As concerns its technical characteristics, malware experts, as expected, find few updates of substance. The Blm Ransomware locks files with a secure, AES, and RSA encryption method, with a preference for media formats like documents, images, archives, and dozens of others. This locking attack holds the files hostage while the Trojan delivers its ransom notes: HTA pop-ups and TXT text files. Bitcoins for the payment guarantees that criminals can take the ransoms at their leisure, with no risk of refunds or other legal actions against them.

Why the Blm Ransomware Politics might be a False Flag

The Blm Ransomware is, naturally, not related to the Black Lives Matter movement, and paying its ransom is no different from rewarding any other Trojan from the Dharma Ransomware group. Its threat actor's preference for the Chinese Tencent QQ service for e-mail makes it possible that the attacker isn't even in the United States. Generally, malware experts suggest not paying, regardless of the criminal's identity, since there's no certainty of having a decryption service restore the files afterward.

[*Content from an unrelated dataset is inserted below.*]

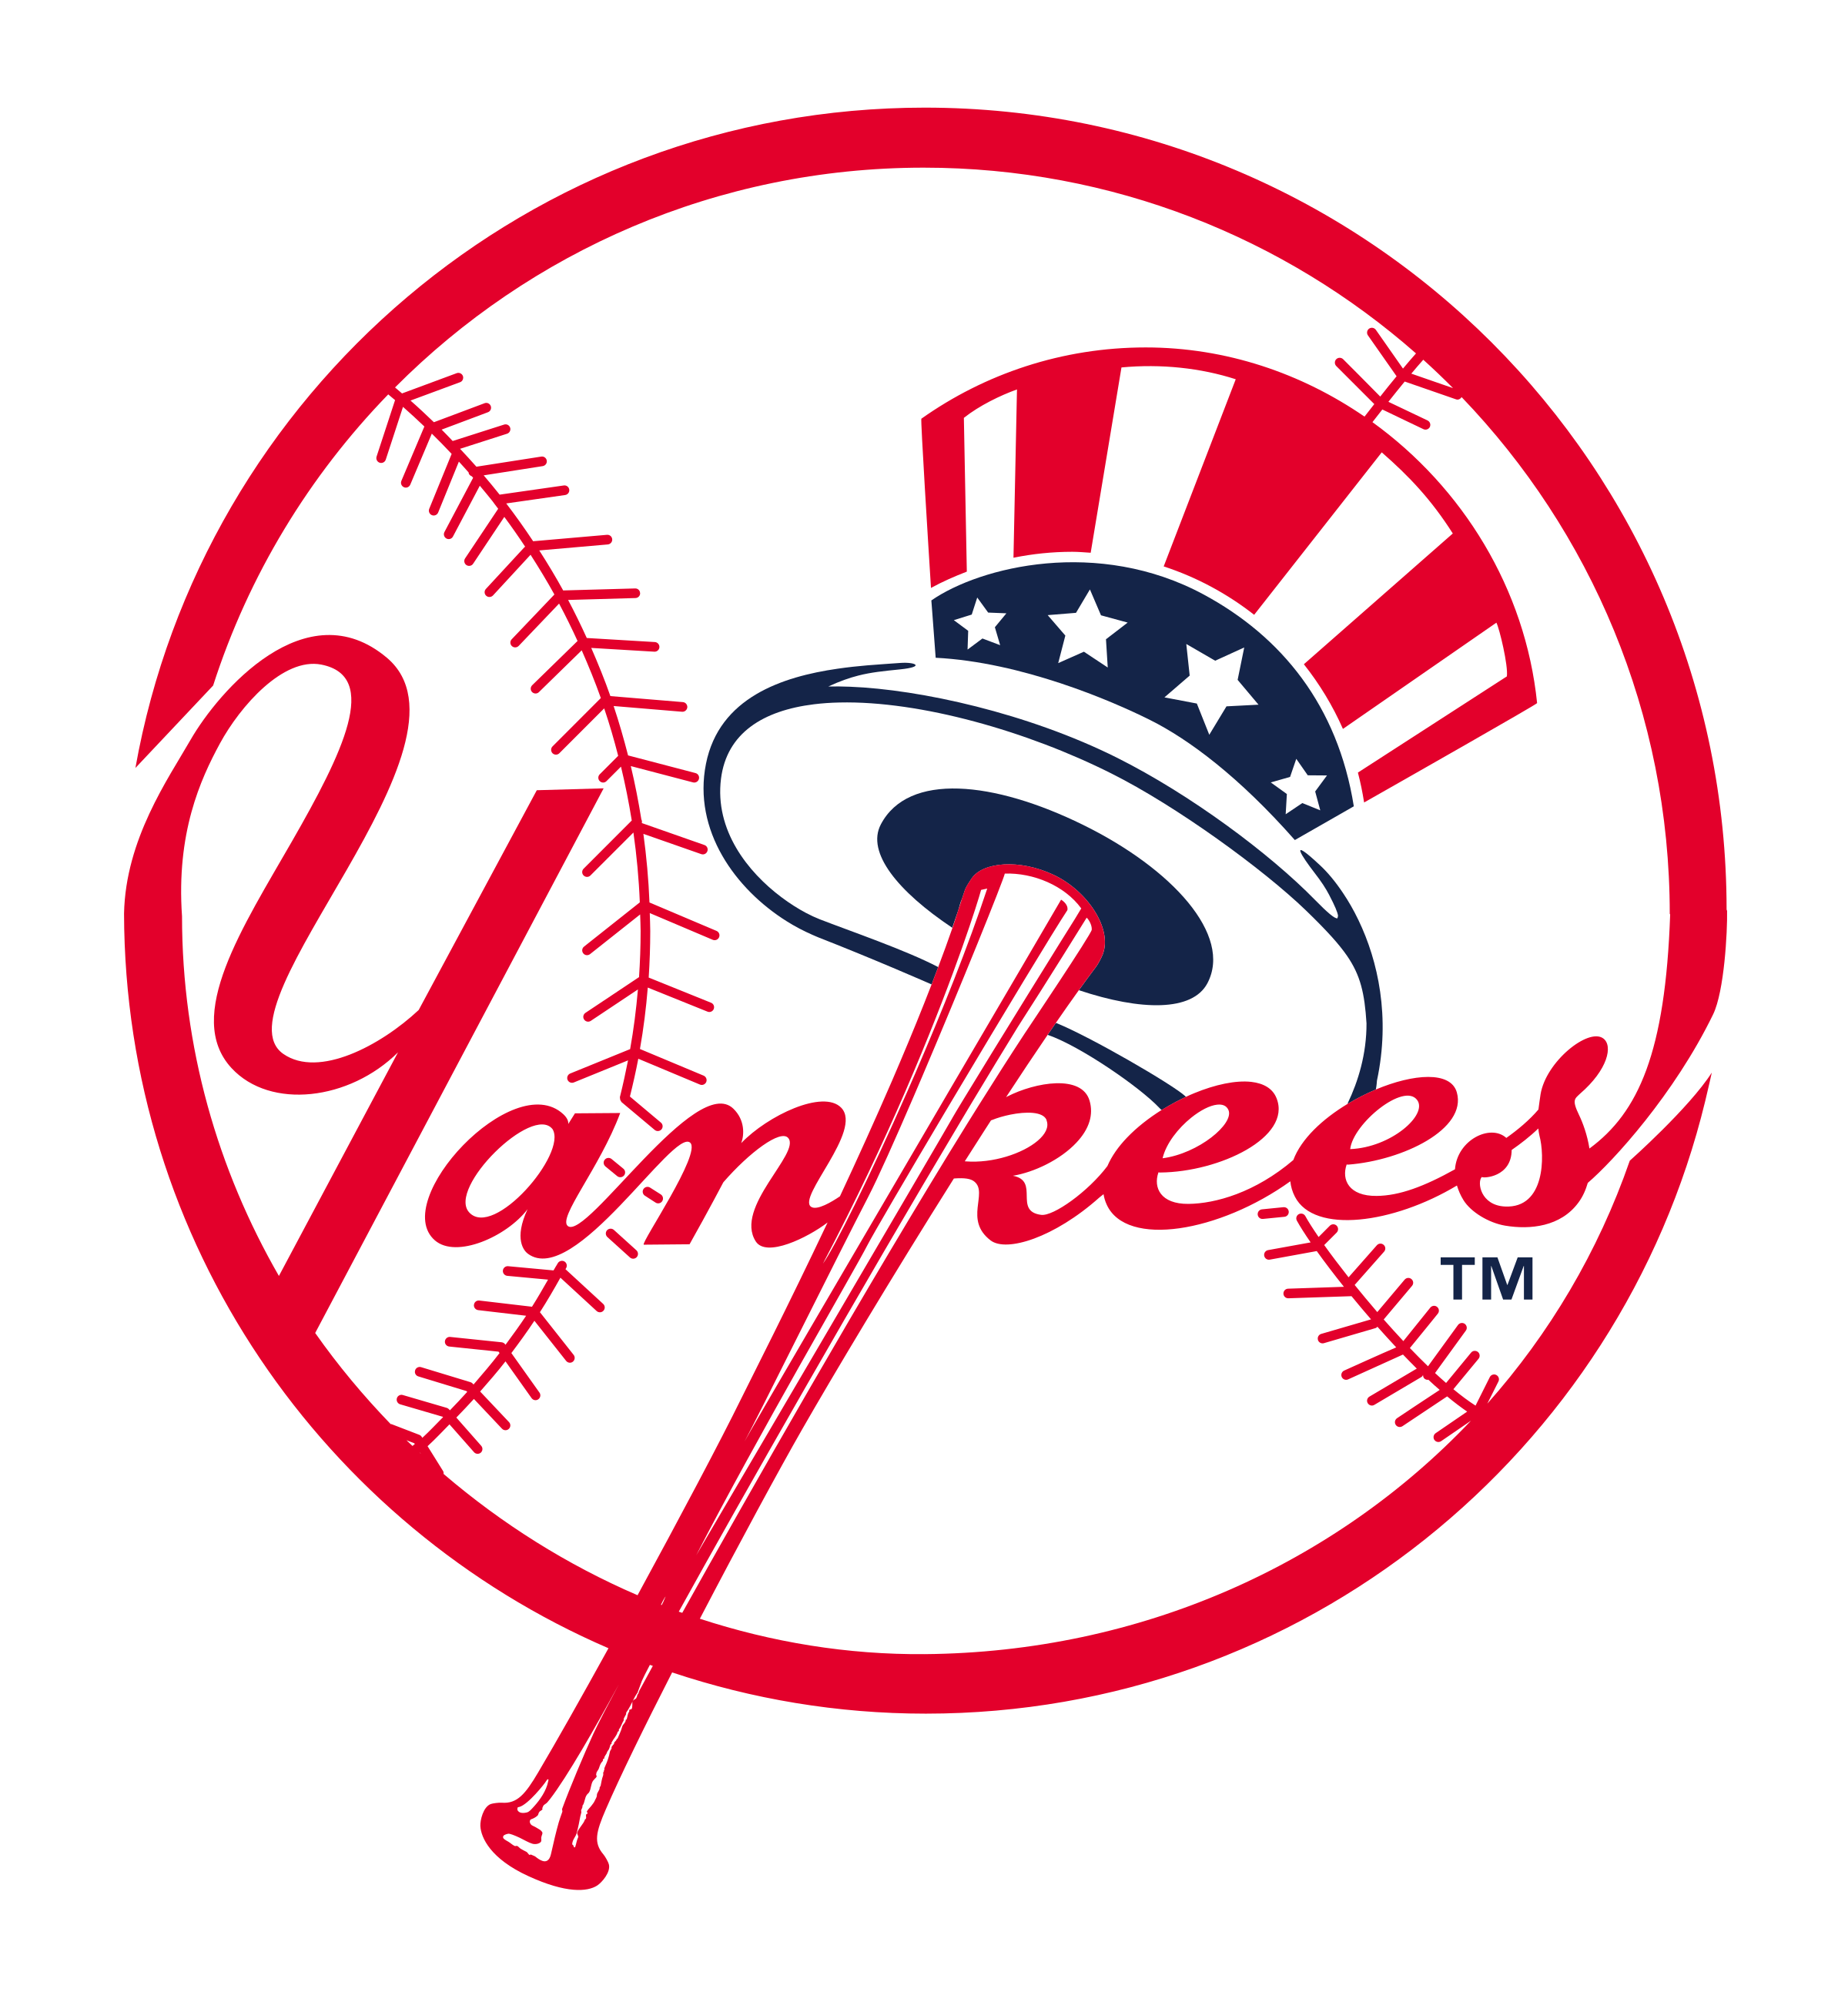 Yankees' logo

Although the Blm Ransomware's installer samples show no clear flags for their distribution exploits, most users on Windows systems already should have appropriate precautions. Using strong passwords will stop attackers from gaining access through brute-force methods, disabling macros, Flash and JavaScript will stop many script-based exploits, and safe downloading behavior will dodge most Trojan installers inside bundles and misnamed files. Backups for recovery are essential since malware experts rarely see a Ransomware-as-a-Service Trojan without local backup-deleting features.

Anti-malware programs from trusted companies should flag, quarantine, and delete these threats securely.

The Blm Ransomware might reference the BLM movement as a joke, as a backhanded insult, or even part of its installation scheme. What's certain is that, like political participation, participating in protecting one's digital data is an urgently-necessary aspect of everyone's daily lifestyle.